Figure 12 shows the detection results of our proposed model and other real-time target detectors on different parts of the wheel hub, where (a) and (b) represent the spoke region, (c) and (d) represent the wheel core region, and (e) and (f) represent the rim region. The figure shows that for large-area defects in the spokes, our proposed model outperforms other models, which is attributed to the powerful feature integration and feature diffusion capabilities of MFDPN. For defects in the wheel core, the high background complexity makes defect identification difficult, leading to false positives and false negatives in other models. In contrast, our proposed model does not exhibit these issues, thanks to the excellent anti-interference capabilities of the CASAB module. For small defects in the rim, our proposed model still achieves better detection results, indicating that PConv convolution can significantly improve the model’s feature sensing ability for defect edges. These visualization analyses effectively verify that the proposed model has superior detection capabilities for defects in aluminum alloy wheel hubs.
To visually demonstrate the detection performance of our proposed model, we compared and analyzed the heatmaps of different real-time target detectors, as shown in Figure 13. Compared to the YOLO series models, our proposed model exhibits a higher response intensity to defect regions and a more coherent attention distribution, indicating a stronger ability to identify target defects. Compared to the Transformer series models, our proposed model shows a more concentrated attention distribution to defect regions and is less affected by complex backgrounds, indicating a higher focus intensity on defect regions and stronger anti-interference capabilities. In conclusion, our proposed model achieves optimal performance on the aluminum alloy wheel hub defect dataset.

5. Conclusions

This study addresses the poor detection performance of aluminum alloy wheel hubs due to low contrast between defects and background and the discrete distribution of defect shapes in images. A novel defect detection model for aluminum alloy wheels is proposed, with the following contributions: (1) Image preprocessing methods such as exposure fusion and high-frequency enhancement are employed to improve the contrast between defects and the background in the aluminum alloy wheel dataset. (2) The PConv module is used in the backbone network to significantly enhance the model’s feature extraction capabilities for discrete defect edges with extremely low parameter cost. (3) To achieve efficient integration of multi-scale features across modules and improve the model’s feature integration capabilities for discrete defects, an innovative Mamba-based MFDPN structure is proposed. This structure promotes extensive interaction and diffusion of multi-scale information across different feature layers in the encoder, effectively mitigating information loss due to scale differences in traditional pyramid networks and significantly improving the feature aggregation capabilities of the network’s fusion layers. (4) The CASAB module is introduced to improve the model’s resistance to interference from complex backgrounds and enhance detection accuracy.
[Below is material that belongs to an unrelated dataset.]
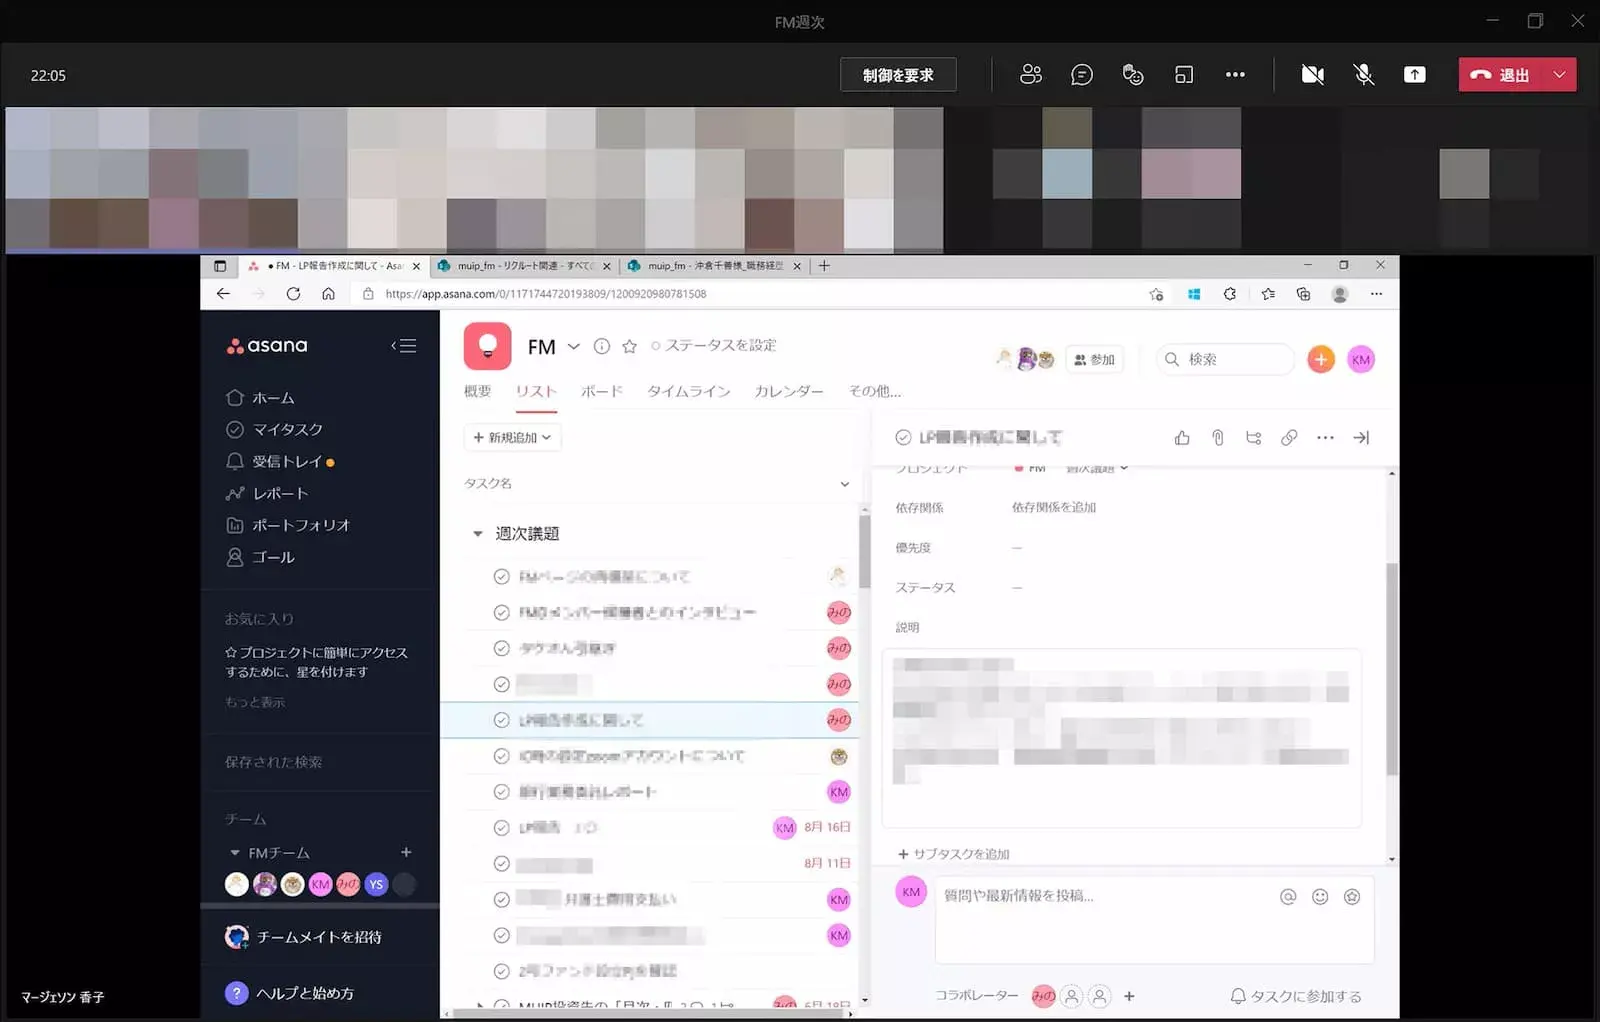 Asana Case Study - 三菱UFJイノベーション・パートナーズ - 実際のAsana画面

Finally, we systematically integrate the above structures to construct a novel target detection model for aluminum alloy wheel hub defect datasets. Extensive experimental analysis shows that the model proposed in this paper outperforms the current state-of-the-art real-time object detectors in several key metrics. Specifically, mAP50 is improved by 7.2% compared to the baseline model, and the detection accuracy for small, medium, and large objects is improved by 7.1%, 7.2%, and 7.1%, respectively. Recall is improved by 5%, and the FPS is 39. This meets the detection requirements of actual aluminum alloy wheel factories.
In engineering deployments, the model proposed in this paper can be integrated into industrial defect detection equipment terminals. By outputting high-quality defect detection data, it can effectively improve product quality, extend the service life of wheel hub structures, and provide strong support for intelligent manufacturing and critical infrastructure monitoring. While the model presented in this paper demonstrates significant advantages in aluminum alloy wheel hub defect detection, it still has certain limitations: First, the framework only supports two-dimensional ray image processing and has not yet effectively learned three-dimensional defect data features, making it difficult to accurately capture the depth distribution and spatial morphology of defects inside the wheel hub; second, the current implementation has not been extended to multimodal processing, lacking cross-modal analysis with technologies such as infrared thermal imaging and ultrasonic detection, and failing to integrate the advantages of different detection technologies to achieve complementary and verified defect information. In future research work, a three-dimensional convolutional network will be introduced to expand the existing model’s three-dimensional feature learning capability, in order to accurately restore the spatial position, depth and volume information of defects. We will also focus on providing more comprehensive data support for the strength assessment of wheel hub structures; integrating X-ray, infrared thermal imaging and ultrasonic testing data; designing a cross-modal feature fusion module to improve the detection accuracy of complex defects; and further expanding the application value of the model in intelligent manufacturing scenarios.

Author Contributions

Conceptualization, J.Y., P.C. and M.W.; methodology, J.Y.; validation, J.Y., P.C. and M.W.; formal analysis, J.Y. and P.C.; investigation, J.Y. and P.C.; writing—original draft preparation, J.Y.; writing—review and editing, J.Y.; visualization, J.Y.; supervision, M.W.; project administration, M.W.; funding acquisition, M.W. All authors have read and agreed to the published version of the manuscript.

Funding

This research was funded by National Natural Science Foundation of China (Grant No. 61171177), National Key Scientific Instrument and Equipment Development Projects of China (Grant No. 2013YQ240803).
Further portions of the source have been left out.